Please copy exactly the part of the records below that opens with the line containing "Ein Jeep der" and closes with the line containing "View 3 - Thiết", leaving out any pictures.

- **Available data**:
==*==

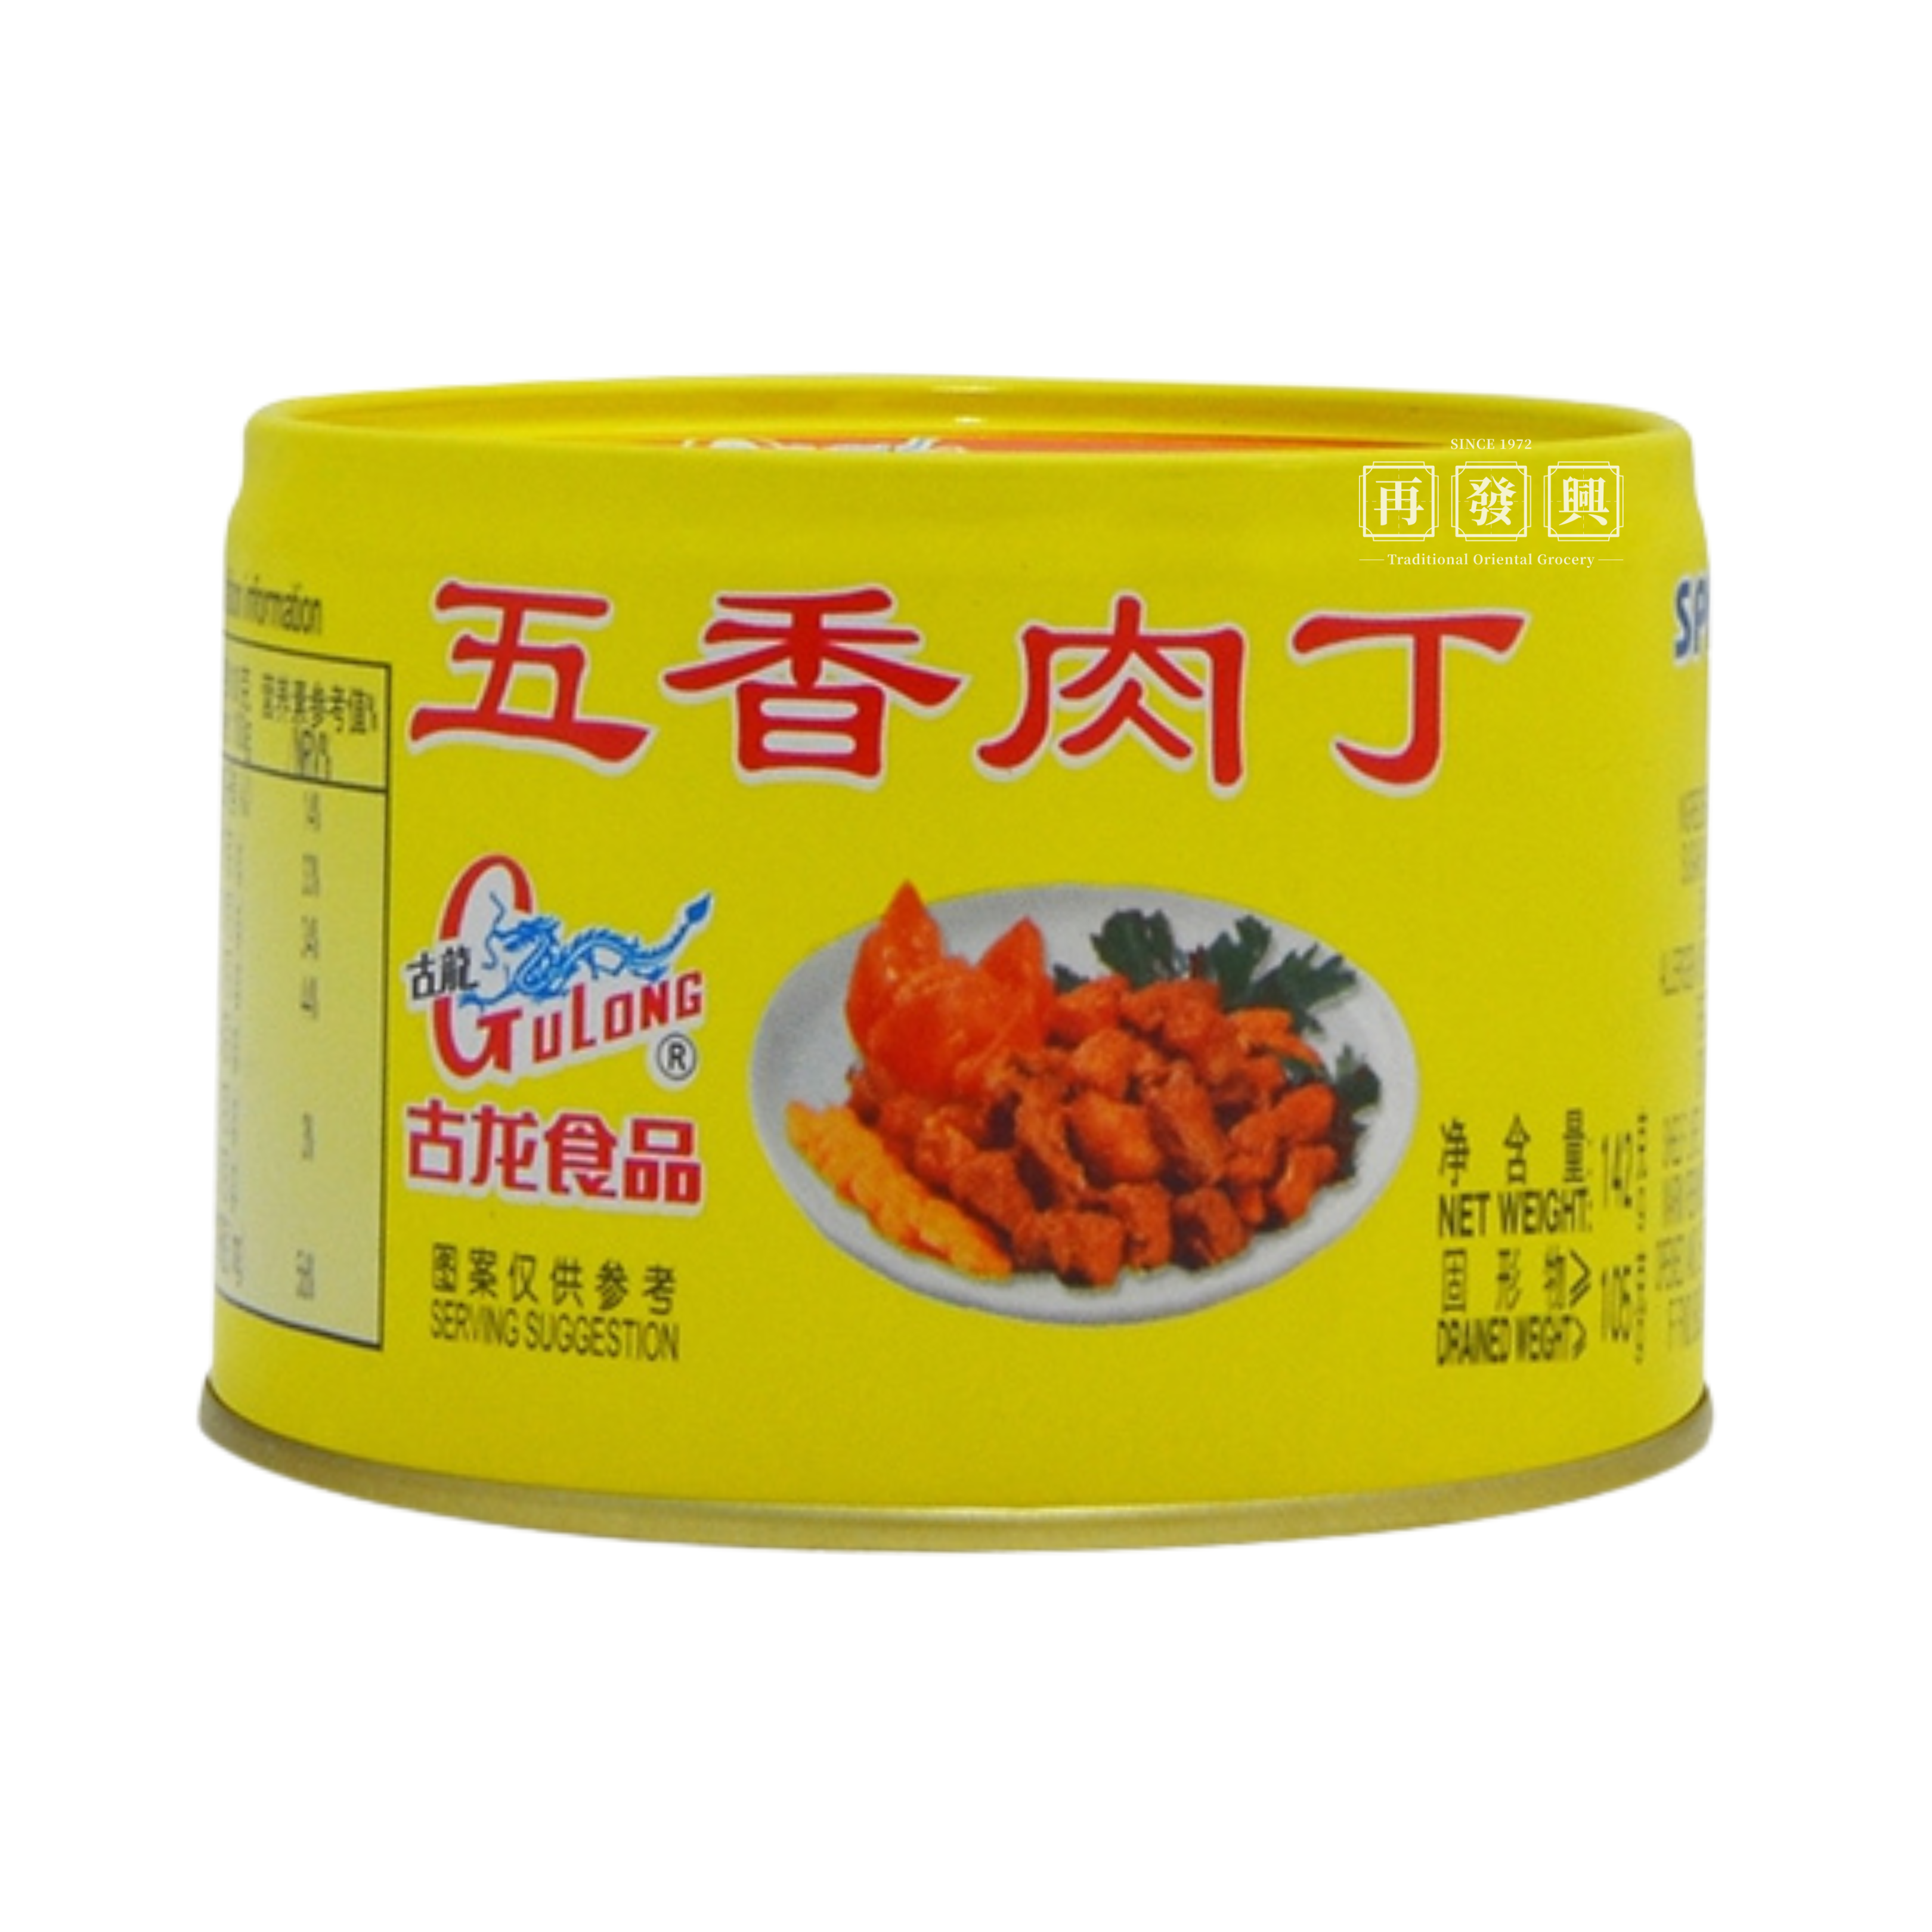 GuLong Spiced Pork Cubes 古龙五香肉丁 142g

==*==

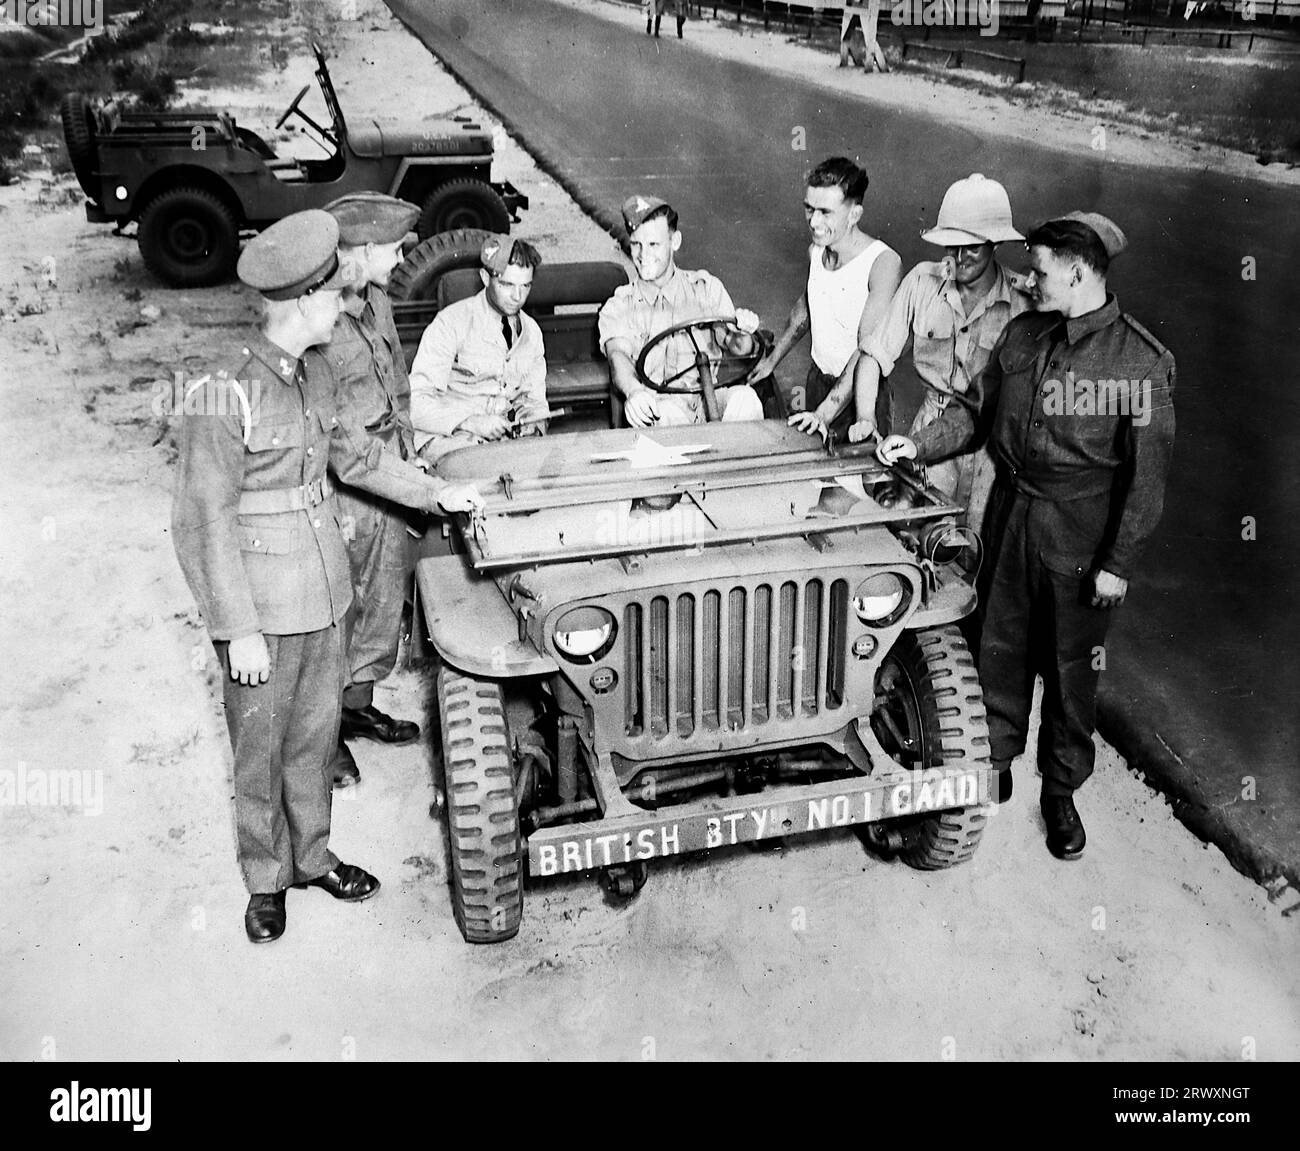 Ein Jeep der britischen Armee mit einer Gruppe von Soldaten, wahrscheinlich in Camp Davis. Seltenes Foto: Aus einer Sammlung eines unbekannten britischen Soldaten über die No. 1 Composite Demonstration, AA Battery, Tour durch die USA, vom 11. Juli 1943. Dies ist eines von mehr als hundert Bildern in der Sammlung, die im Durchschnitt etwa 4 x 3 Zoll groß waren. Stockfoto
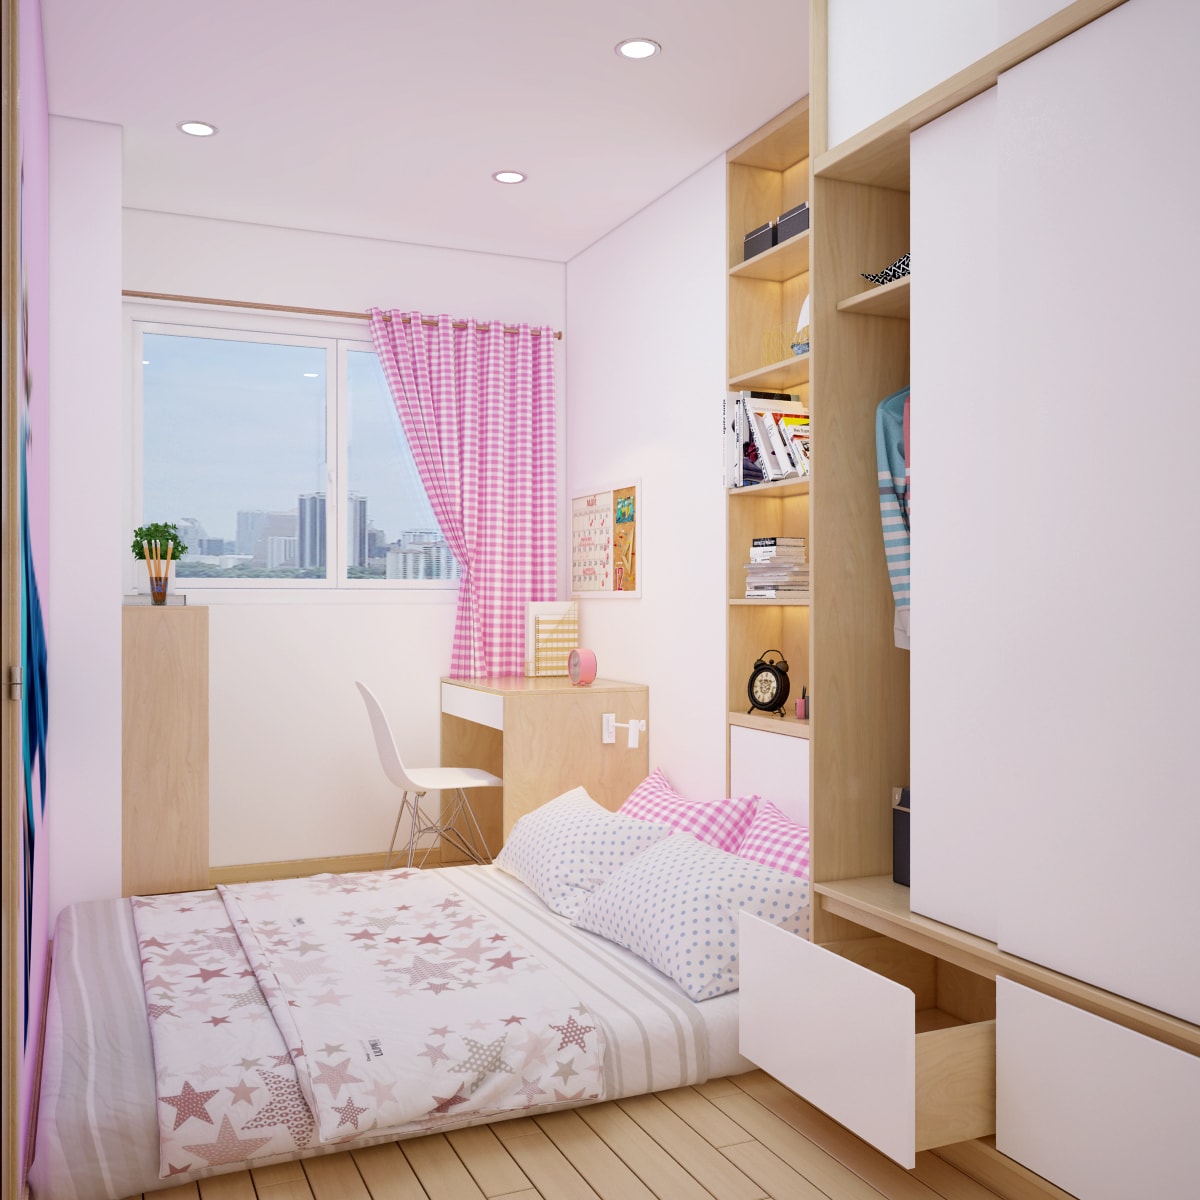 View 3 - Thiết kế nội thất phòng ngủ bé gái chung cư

==*==

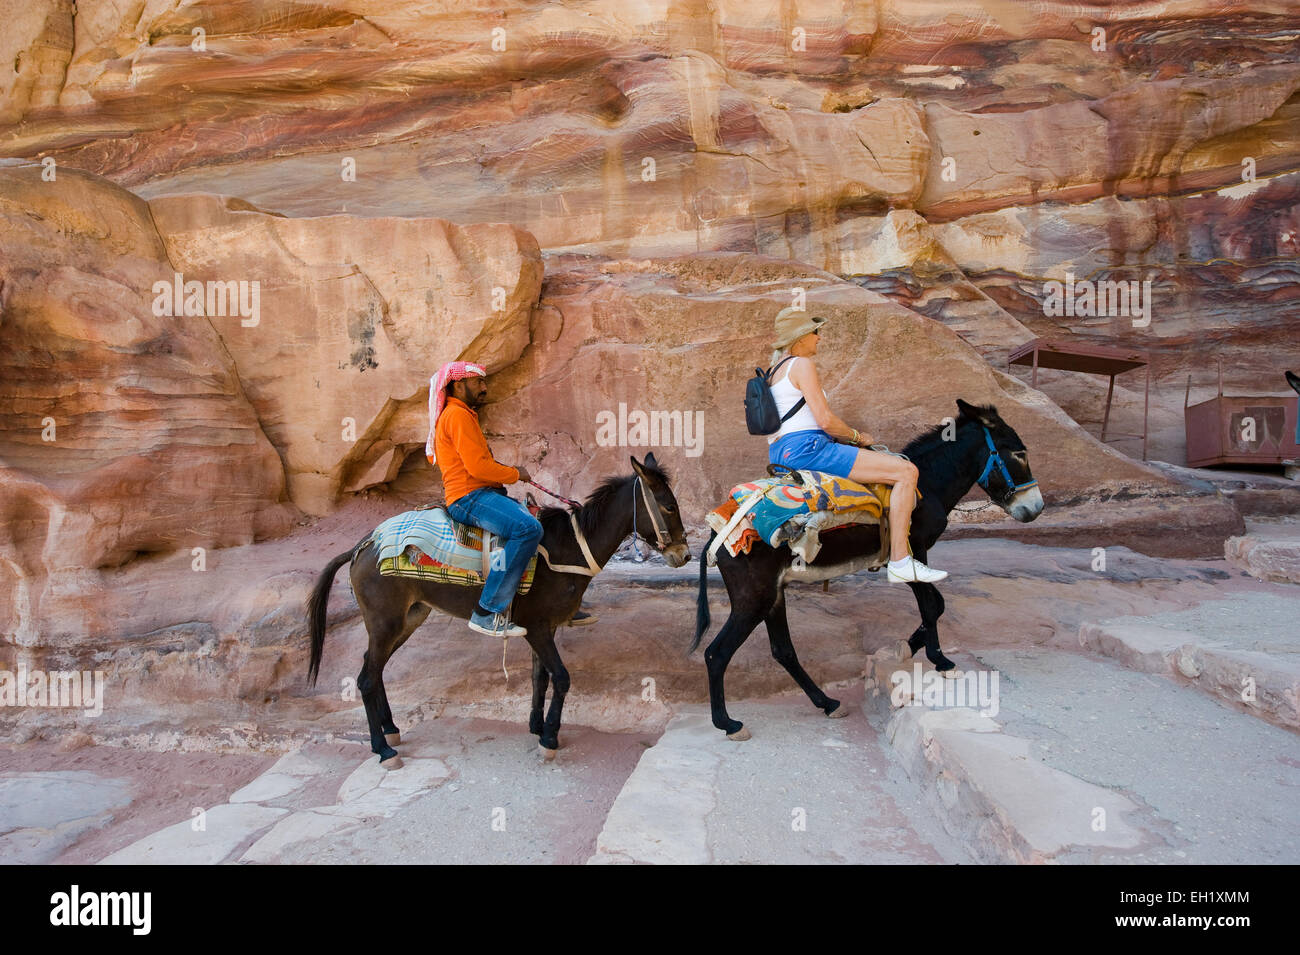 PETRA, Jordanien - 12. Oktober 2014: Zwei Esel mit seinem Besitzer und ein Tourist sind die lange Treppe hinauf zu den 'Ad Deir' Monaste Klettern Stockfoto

==*==

- **Output**:
 Ein Jeep der britischen Armee mit einer Gruppe von Soldaten, wahrscheinlich in Camp Davis. Seltenes Foto: Aus einer Sammlung eines unbekannten britischen Soldaten über die No. 1 Composite Demonstration, AA Battery, Tour durch die USA, vom 11. Juli 1943. Dies ist eines von mehr als hundert Bildern in der Sammlung, die im Durchschnitt etwa 4 x 3 Zoll groß waren. Stockfoto
 View 3 - Thiết kế nội thất phòng ngủ bé gái chung cư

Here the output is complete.